Storing matrix of common k-mers in table...Loading queries...Processing queries... 99750...

EXECUTION TIMES Total: 5754.78 Loading k-mers: 0 Processing time: 4325.93

Command being timed: "kmer-db -t 12 new2all db ./kmerdb.list.2 table"
User time (seconds): 49912.50
System time (seconds): 135.41
Percent of CPU this job got: 869%
Elapsed (wall clock) time (h:mm:ss or m:ss): 1:35:55
Average shared text size (kbytes): 0
Average unshared data size (kbytes): 0
Average stack size (kbytes): 0
Average total size (kbytes): 0
Maximum resident set size (kbytes): 1229320
Average resident set size (kbytes): 0
Major (requiring I/O) page faults: 16
Minor (reclaiming a frame) page faults: 1929282
Voluntary context switches: 1698016
Involuntary context switches: 1997418
Swaps: 0
File system inputs: 282471440
File system outputs: 61120040
Socket messages sent: 0
Socket messages received: 0
Signals delivered: 0
Page size (bytes): 4096
Exit status: 0
agudys commented 5 years ago

@yhg926 Hello, As for the build time, according to your report it took 45 minutes.

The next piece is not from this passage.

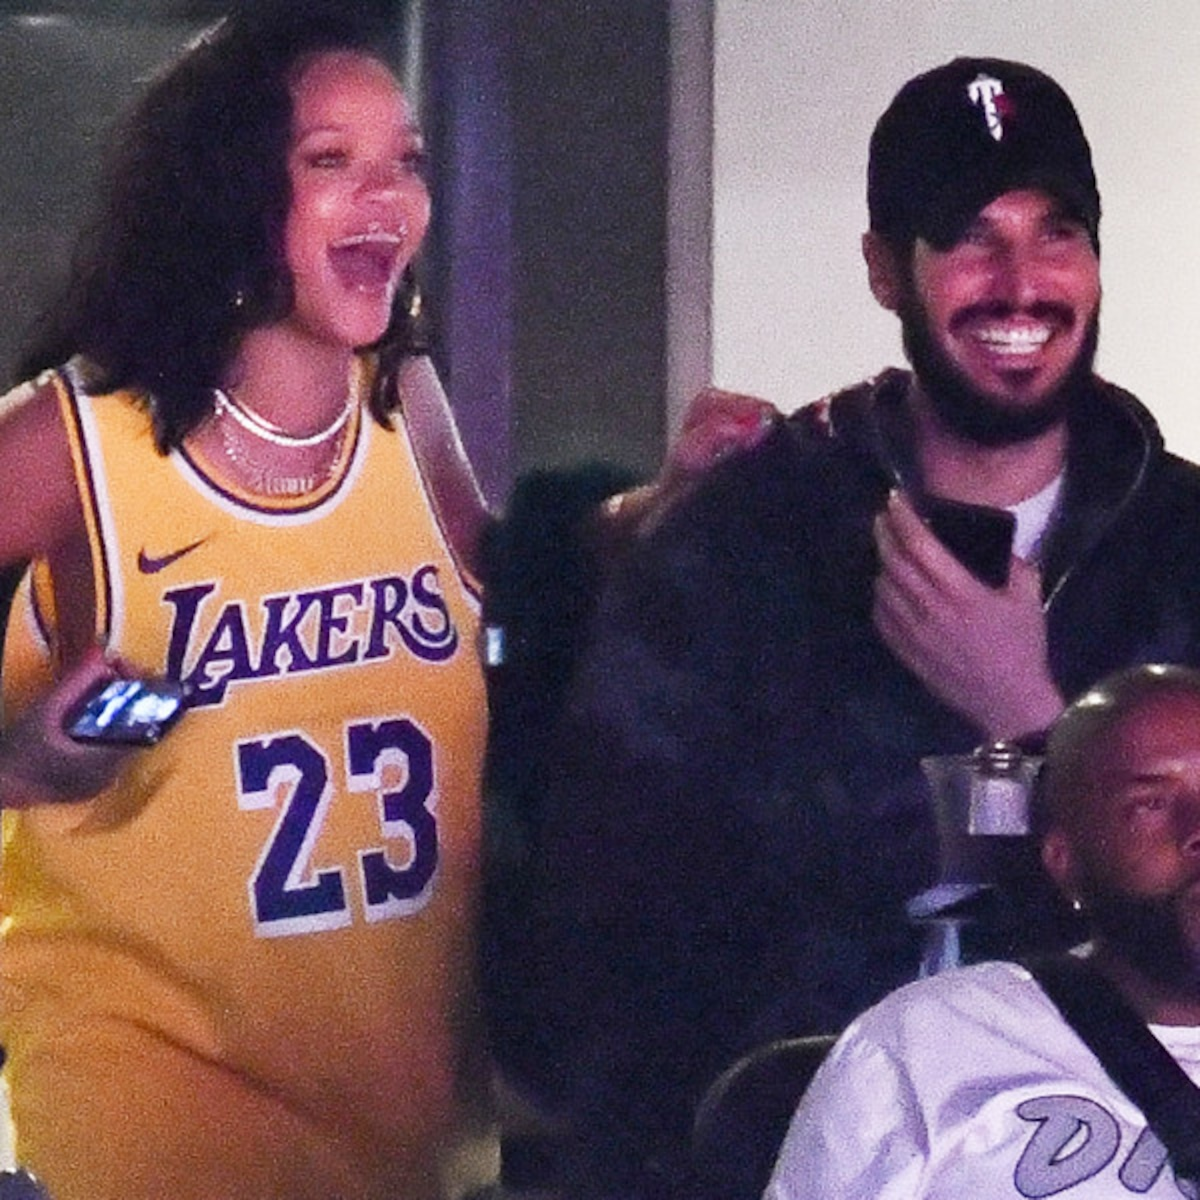 Boyfriend rihanna new Rihanna Boyfriend

Elapsed (wall clock) time (h:mm:ss or m:ss): 44:58.23

I made an experiment with same parameters as you on ~150k microbial genomes from NCBI (180GB) and it took 35 minutes, so I got about twice the throughput you obtained (assuming similar input size). The difference is not dramatic and may be due to hardware configuration (including disk performance). If you provide me with some details on your hardware and total size of the dataset, I'll have a closer look on that.

As for the distance calculation, your machine indeed needed 96 minutes.

Elapsed (wall clock) time (h:mm:ss or m:ss): 1:35:55

However, I can see that you were using new2all mode with same list of genomes that was used to construct the database. For this purpose you should rather use all2all mode which makes comparison for samples already in the database (and is particularly optimized for this). new2all was designed for comparison of new samples against database. Please try running all2all and let me know.

Regards, Adam

agudys commented 5 years ago

@yhg926 Please also note, that performance of the build mode with such small filter value (0.0004) is probably limited with disk. Tens of megabytes per second is typical transfer when reading lot of ~1MB files (unless you have SSD). Therefore, I suggest you experimenting with higher filter values (even ten times larger) because you can probably get much better quality at the same speed.